While few people expect Government to trim the social budget a greater emphasis is expected on curtailing abuse. A tough-talking Gonzi did pronounce his Government’s commitment to target abuse linked to boarded-out individuals and registered unemployed who work in the black economy.
The result of any crackdown on abuses in these two aspects of social expenditure will hopefully be felt in a year’s time.

Slow recovery
With economic growth registering a more than sluggish 0.6 per cent for 2004 and a forecast growth of 1.5 per cent for next year, things do not bode well for a speedy recovery. Gonzi announced a number of financial incentives for industry including a vote of Lm1.85 million for Malta Enterprise and a venture capital fund to the tune of Lm900,000. A deeper analysis of the figures presented in Parliament reveal the dearth of inventiveness in the budget.
The vote for Malta Enterprise (ME), Lm2.3 million in recurrent expenditure and Lm1.85 million in capital expenditure, is little more than what was budgeted for the government entity in last year’s budget. Sources told this newspaper that ME’s overall budget has only increased by a few hundreds of thousands contrary to the impression given in Parliament.
As for the venture capital fund, a positive initiative to encourage young people set up their own companies, analysts argue that Lm900,000 spread over three years is too few an amount to have any lasting impact.
The tourism sector rubbed its hands at Gonzi’s proposal to offer a partial refund on expenses made for the organisation of conferences. But there is little solace in the fact that the Malta Tourism Authority retained the same budget it had this year; Lm8.5 million. The difference for 2005 is that Gonzi will only forward Lm8 million and top that up by Lm0.5 million if the MTA reaches its target to attract more tourists to Malta.

Legitimacy problem
As for the eco-tax, Gonzi announced a wider list of products, which include shampoos, toothpaste and cleaning products in plastic containers. Again, the principle behind the eco-tax as introduced does not encourage consumer choice for less polluting products. The eco-tax rates applicable for the new range of products have yet to be announced but Government is expecting a total revenue intake of Lm6.5 million for 2005 from the eco-contribution. In all probability, with household products now falling under the scheme, this will lead to further pressure on the cost of living.
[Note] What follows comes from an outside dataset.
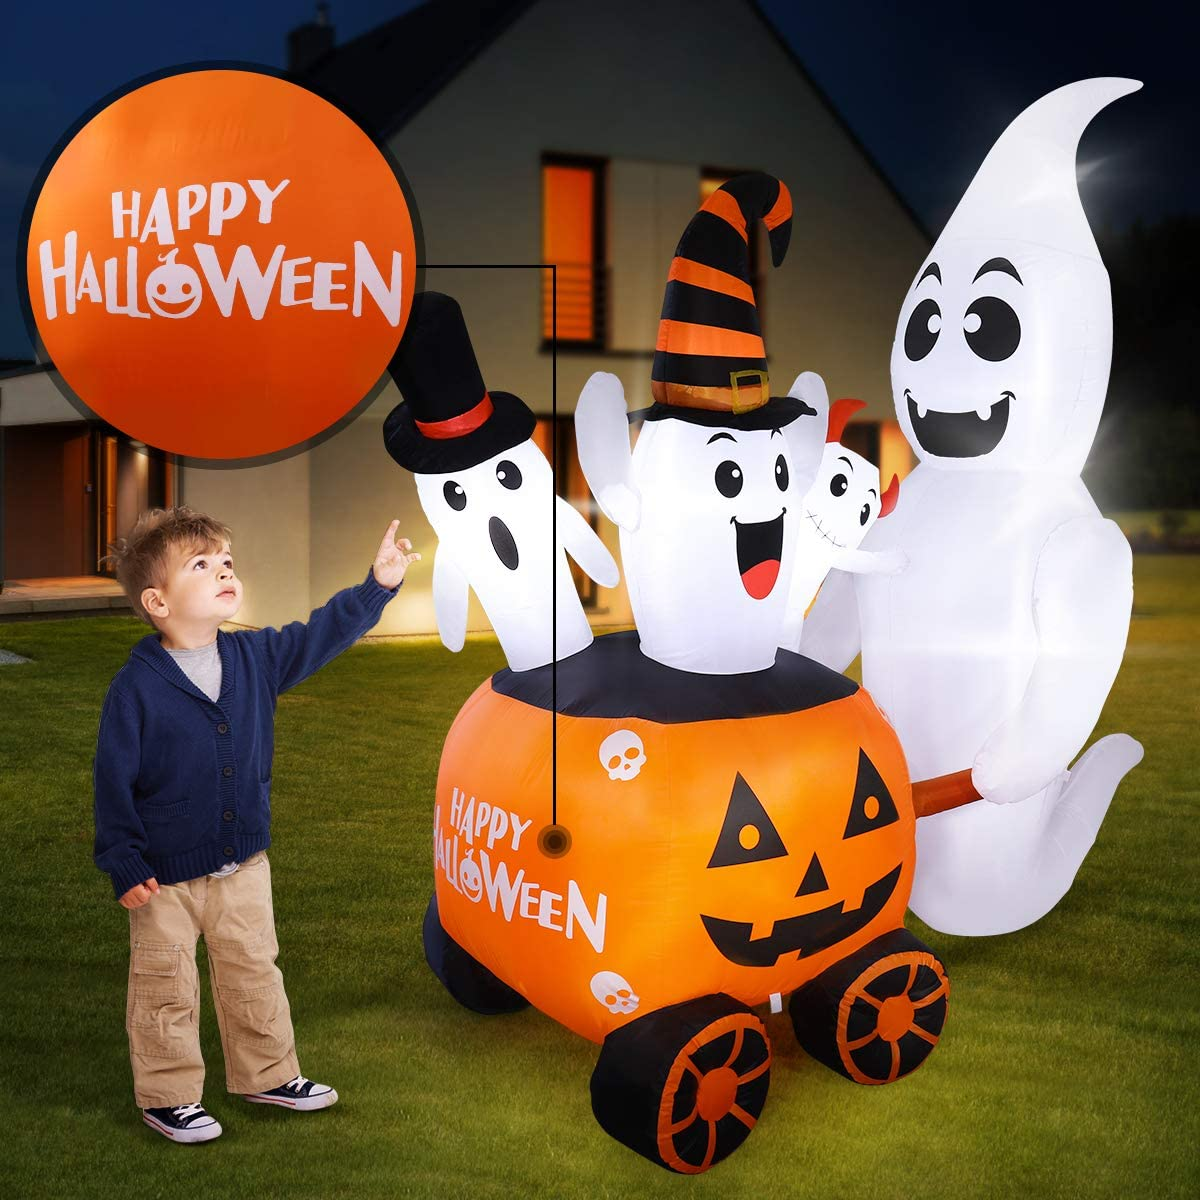 Halloween Inflatables Outdoor Decorations 6FT Halloween Blow Up Pumpkin Ghost Decoration with Happy Halloween Design
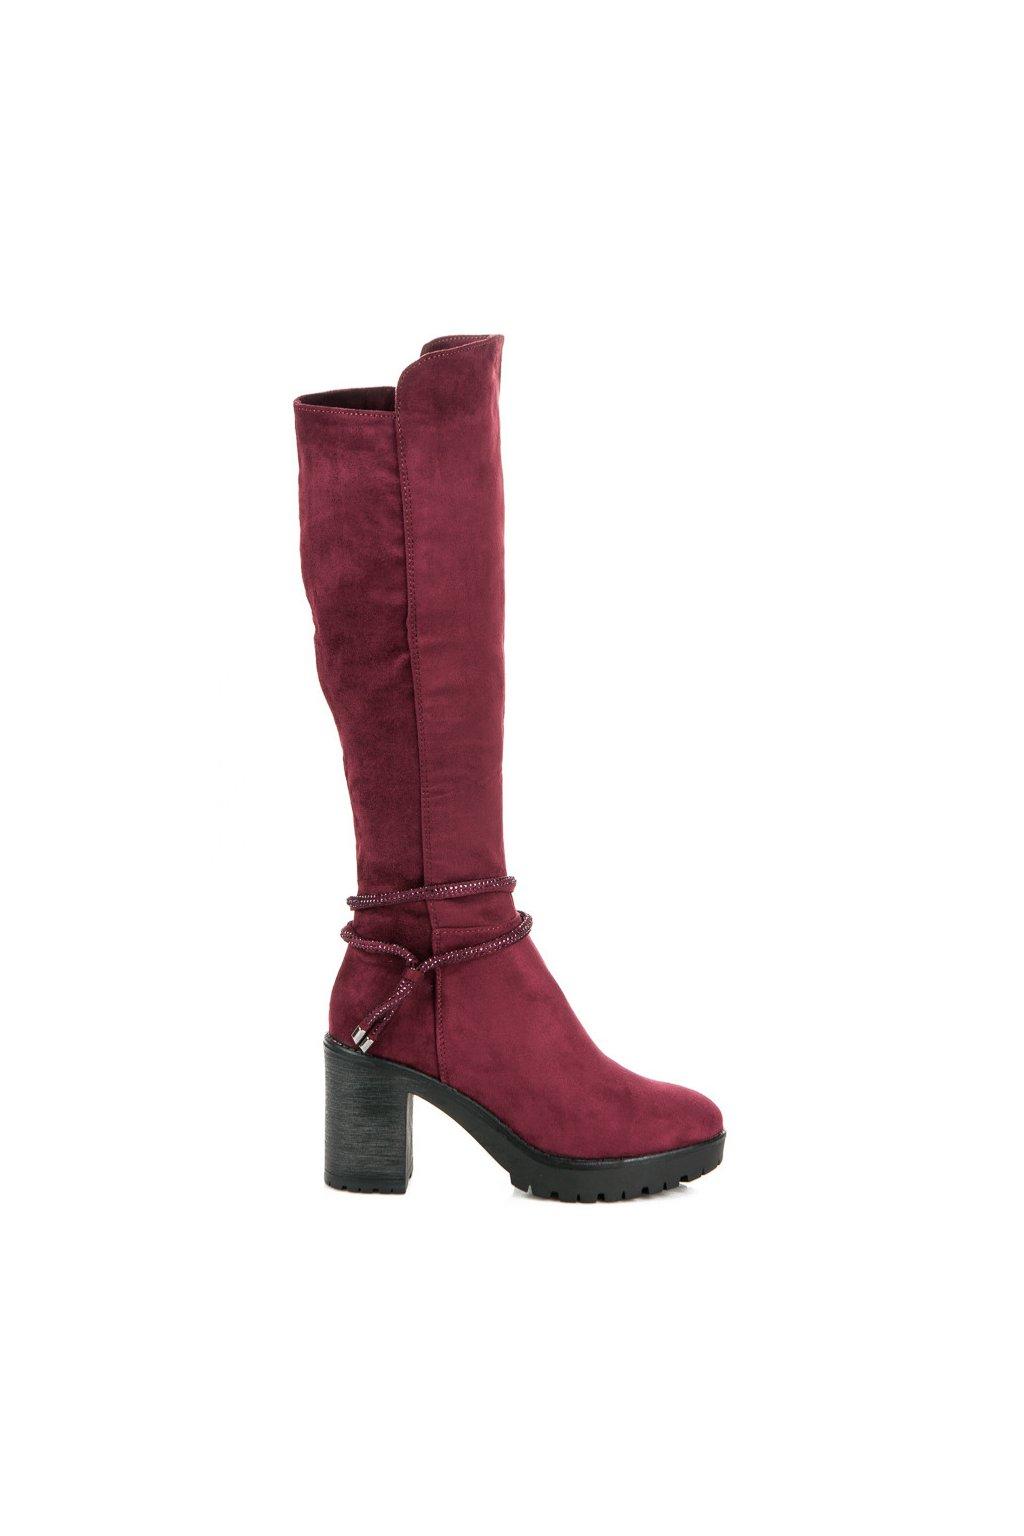 5082ad840c50 Dámska obuv ccc

All in all Budget 2005 is hard to pin down with one word. Gonzi has shown he intends turning round the economy and bringing public finances in order. He is doing what his predecessor chose to ignore for far too long. For economists the rhythm may be too slow even if they argue that it is better late than never.
But with a 16-year legacy during which money was not a problem Gonzi does have a political legitimacy problem when asking for workers to do sacrifices. The Lm9 million outlay on Dar Malta and the Mater Dei construction cost, set at Lm45 million more than had been previously budgeted in 2000, do not help to legitimise the call for a general sharing of the burden.
And even if Gonzi won the battle of perceptions as regards the budget, he still has not convinced the general public that the mess the country is in is not due to the thriftiness of previous Nationalist administrations of which he formed an integral part.